++++ RECORDS PROVIDED

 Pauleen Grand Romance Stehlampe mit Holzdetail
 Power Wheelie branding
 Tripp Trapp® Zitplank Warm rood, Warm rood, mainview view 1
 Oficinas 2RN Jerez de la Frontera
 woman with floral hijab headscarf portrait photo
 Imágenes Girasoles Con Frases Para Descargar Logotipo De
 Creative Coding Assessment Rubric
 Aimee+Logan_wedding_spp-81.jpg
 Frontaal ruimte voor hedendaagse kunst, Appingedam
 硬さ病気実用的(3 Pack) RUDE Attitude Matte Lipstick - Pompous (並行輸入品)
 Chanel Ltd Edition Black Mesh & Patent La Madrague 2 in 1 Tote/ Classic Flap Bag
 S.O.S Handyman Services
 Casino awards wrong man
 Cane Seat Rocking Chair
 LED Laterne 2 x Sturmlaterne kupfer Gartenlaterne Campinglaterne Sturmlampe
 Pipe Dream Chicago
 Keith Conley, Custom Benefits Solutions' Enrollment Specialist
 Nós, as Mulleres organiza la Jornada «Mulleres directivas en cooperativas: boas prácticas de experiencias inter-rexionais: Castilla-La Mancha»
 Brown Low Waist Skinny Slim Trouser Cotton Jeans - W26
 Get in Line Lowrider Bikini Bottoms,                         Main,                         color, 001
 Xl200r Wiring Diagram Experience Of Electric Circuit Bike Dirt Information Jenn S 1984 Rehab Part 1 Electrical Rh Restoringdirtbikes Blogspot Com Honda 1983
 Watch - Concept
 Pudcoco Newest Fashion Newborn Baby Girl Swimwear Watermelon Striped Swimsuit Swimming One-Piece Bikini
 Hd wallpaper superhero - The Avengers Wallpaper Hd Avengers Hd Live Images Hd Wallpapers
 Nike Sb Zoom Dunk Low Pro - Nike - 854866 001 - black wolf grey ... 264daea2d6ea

++++++++

→ PROBLEM DETAILS:
Write out the whole listing again, exactly as it stands.

→ RESULT:
 Pauleen Grand Romance Stehlampe mit Holzdetail
 Power Wheelie branding
 Tripp Trapp® Zitplank Warm rood, Warm rood, mainview view 1
 Oficinas 2RN Jerez de la Frontera
 woman with floral hijab headscarf portrait photo
 Imágenes Girasoles Con Frases Para Descargar Logotipo De
 Creative Coding Assessment Rubric
 Aimee+Logan_wedding_spp-81.jpg
 Frontaal ruimte voor hedendaagse kunst, Appingedam
 硬さ病気実用的(3 Pack) RUDE Attitude Matte Lipstick - Pompous (並行輸入品)
 Chanel Ltd Edition Black Mesh & Patent La Madrague 2 in 1 Tote/ Classic Flap Bag
 S.O.S Handyman Services
 Casino awards wrong man
 Cane Seat Rocking Chair
 LED Laterne 2 x Sturmlaterne kupfer Gartenlaterne Campinglaterne Sturmlampe
 Pipe Dream Chicago
 Keith Conley, Custom Benefits Solutions' Enrollment Specialist
 Nós, as Mulleres organiza la Jornada «Mulleres directivas en cooperativas: boas prácticas de experiencias inter-rexionais: Castilla-La Mancha»
 Brown Low Waist Skinny Slim Trouser Cotton Jeans - W26
 Get in Line Lowrider Bikini Bottoms,                         Main,                         color, 001
 Xl200r Wiring Diagram Experience Of Electric Circuit Bike Dirt Information Jenn S 1984 Rehab Part 1 Electrical Rh Restoringdirtbikes Blogspot Com Honda 1983
 Watch - Concept
 Pudcoco Newest Fashion Newborn Baby Girl Swimwear Watermelon Striped Swimsuit Swimming One-Piece Bikini
 Hd wallpaper superhero - The Avengers Wallpaper Hd Avengers Hd Live Images Hd Wallpapers
 Nike Sb Zoom Dunk Low Pro - Nike - 854866 001 - black wolf grey ... 264daea2d6ea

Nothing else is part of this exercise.